Um die Malaise der hochverschuldeten Staaten im Süden Europas in den Griff zu bekommen, galt Sparen in den letzten zwei, drei Jahren als alternativlos: Weniger Staatsausgaben, höhere Steuern – am besten beides. Zusätzlich sollten verkrustete Strukturen aufgebrochen werden. Griechenland, Portugal, Spanien und Italien haben sich einige Zeit zu sparen bemüht. Doch spätestens seit Mitte 2012 stecken sie in einer nervenzehrenden Rezession. Die Folge: Ein Rückgang der Wirtschaftsleistung um 1,8 Prozent in Spanien und 4,7 Prozent in Griechenland.

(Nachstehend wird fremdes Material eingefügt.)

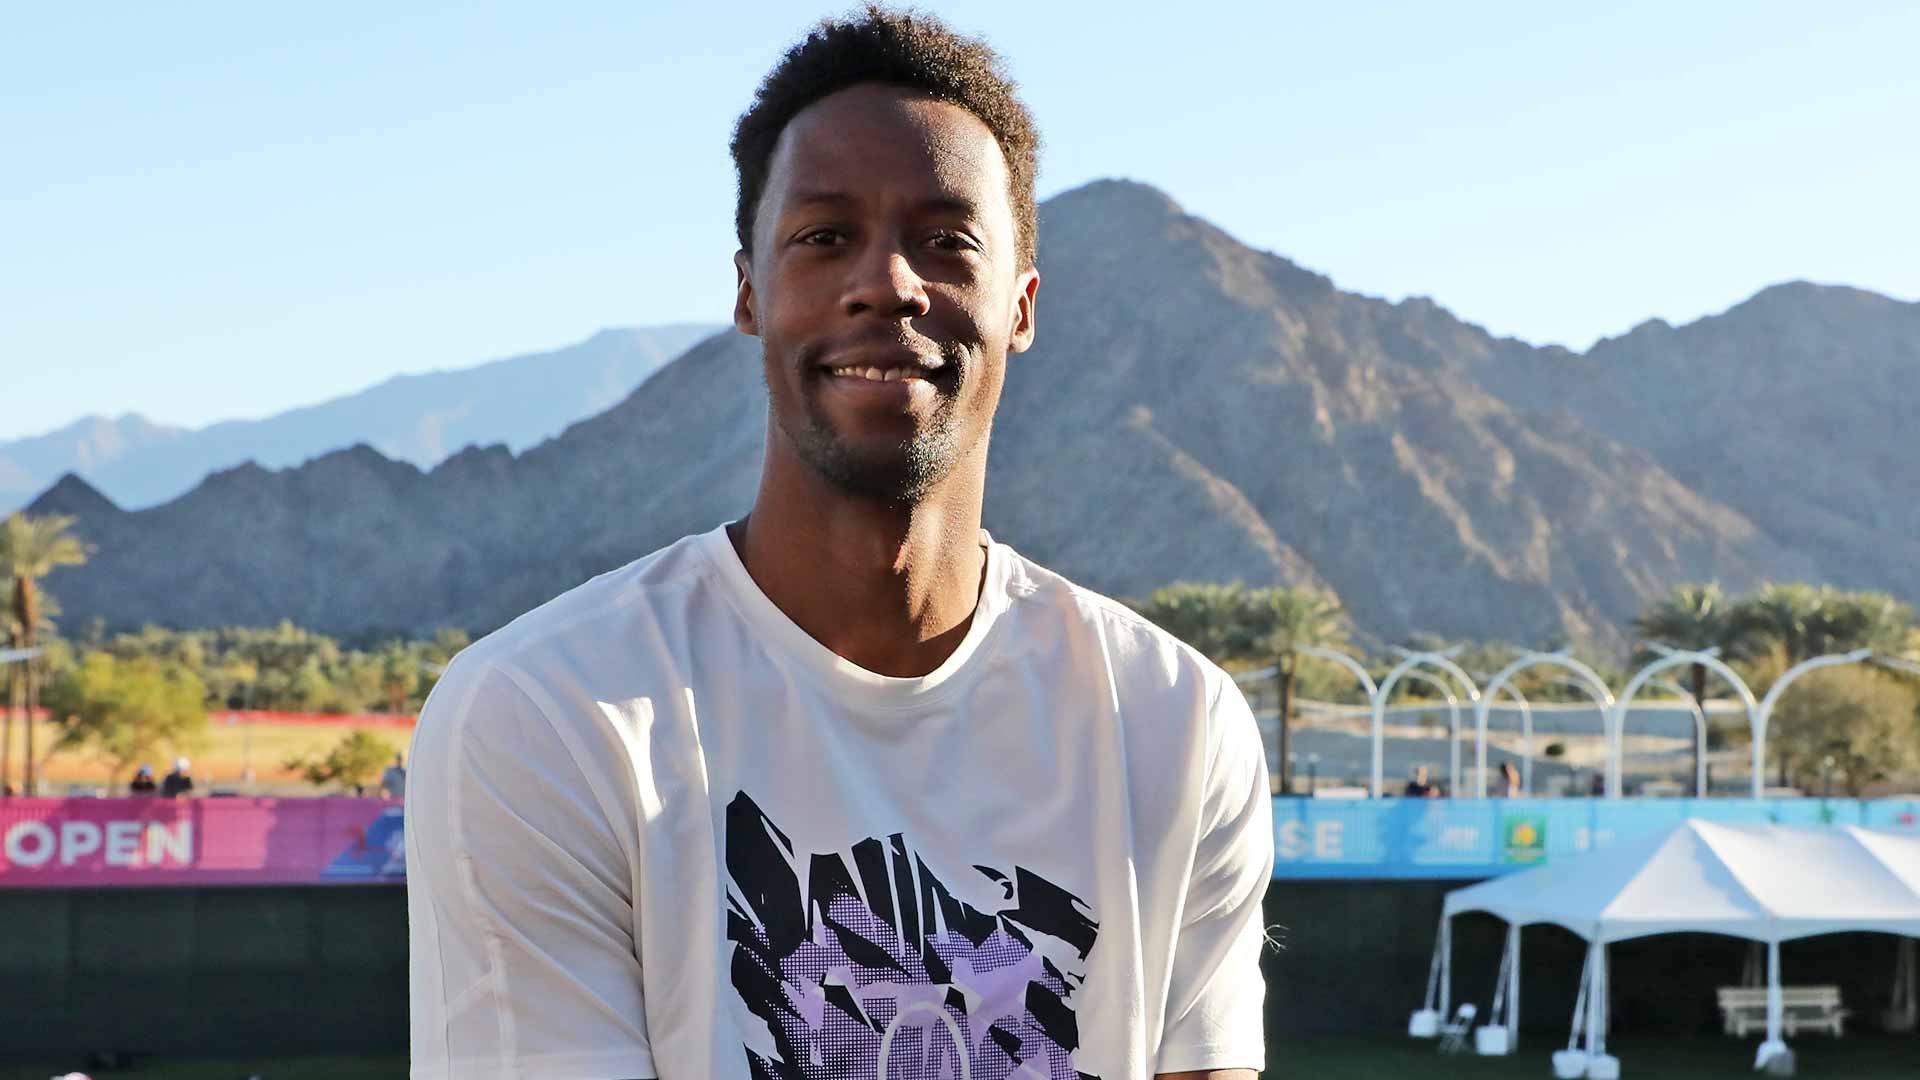 Gael Monfils is competing at Indian Wells, his first tournament in seven months.

Nicht jedes Land hatte im letzten Jahr beim Sparen gleich viel Erfolg. Während Irland Mitte 2012 das Schlimmste wohl hinter sich hat, sieht es für Griechenland, Portugal, Italien und Spanien umso düsterer aus. Im Juli erhielt Spanien für seine maroden Banken 100 Milliarden Euro aus dem Rettungstopf und Griechenland droht das Licht auszugehen. Die Regierungen der anderen Euro-Länder können ihren Steuerzahlern weitere Milliardenhilfen für Athen kaum noch rechtfertigen. Die Kreditgeber der europäischen Staaten blicken daher gebannter auf das Wachstum der einzelnen Staaten als auf das Defizit.

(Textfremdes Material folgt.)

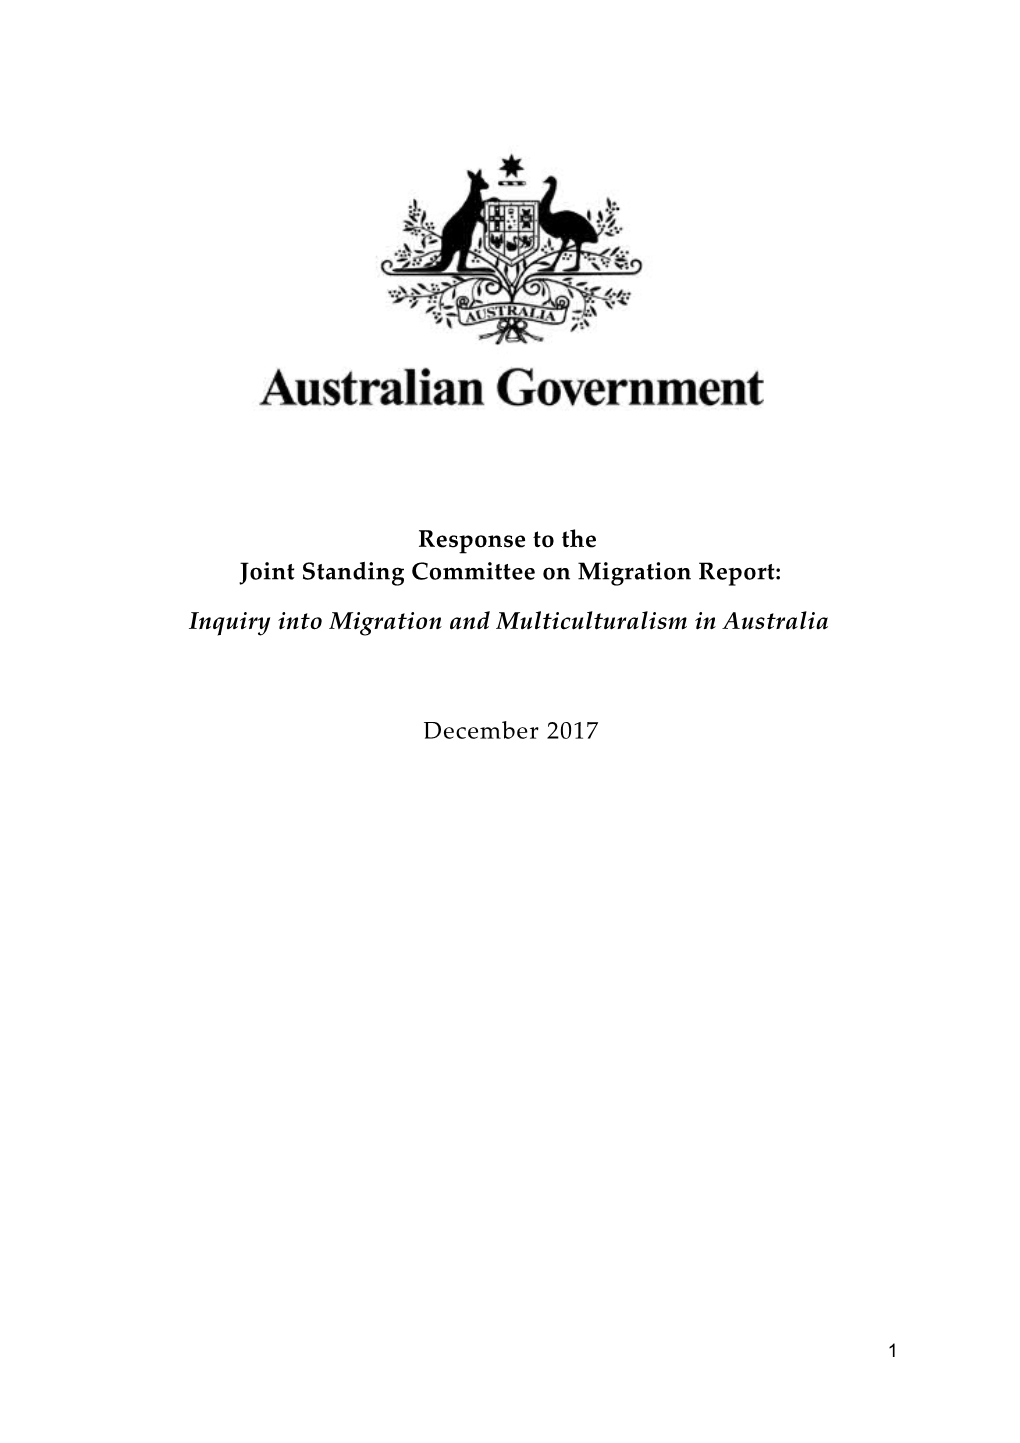 Inquiry Into Migration and Multiculturalism in Australia

Quelle: EU-Kommission; Bloomberg

Immer mehr Ökonomen fordern daher, die Ausgaben in diesen Ländern zu erhöhen, denn „Sparen wird für Südeuropa zur selbstzerstörerischen Strategie“, so etwa Nobelpreisträger Paul Krugman, „weil mit einem Rückgang der öffentlichen Aufträge die Wirtschaftsleistung schrumpft. Damit sinken die Steuereinnahmen – und anschließend muss noch mehr gespart werden.“ Zum Thema Sparen gibt es historische Beispiele für Länder, in denen man versucht hat, trotz der Krise Staatsausgaben zu kürzen und den Haushalt zu sanieren. Das ist manchmal gutgegangen – etwa in Dänemark 1982 oder in Irland 1987 bis 1989. Bisweilen aber auch nicht, zum Beispiel in Irland 1982. Damals blieb in dem Land die wirtschaftliche Lage trotz Sparkurs mau, die Inflation war hoch, und Arbeitslosigkeit drückte das Land.

Konjunkturprogramme müssen nicht altruistisch sein und sind auch kein rausgeschmissenes Geld, sagen andere Ökonomen. Sie nützen auch den Helfern. Denn Ende April meldete der deutsche Maschinenbau beispielsweise einen kräftigen Einbruch der Auftragseingänge aus Südeuropa. Ebenso ergeht es der französischen Autoindustrie, die traditionell viele Autos nach Spanien und Italien verkauft. Allerdings waren die Erfahrungen mit Konjunkturprogrammen in der ersten Phase der Finanzkrise eher ernüchternd. Von der Abwrackprämie in Deutschland profitierten damals eher Produktionsländer mit niedrigen Löhnen wie etwa Polen, Tschechien und Rumänien.

Fragt man nach den Chancen von Konjunkturprogrammen in Südeuropa, muss man sich vor allem mit den Ursachen der Krise befassen. Dabei handelt es sich nicht um eine kurzfristige Delle, die es zu überbrücken gilt, sondern um eine tiefgreifende Strukturkrise. Der Euro hat dazu geführt, dass Produkte und Dienstleistungen in Südeuropa zu teuer geworden sind, ohne dass die Länder ihre Währung abwerten könnten.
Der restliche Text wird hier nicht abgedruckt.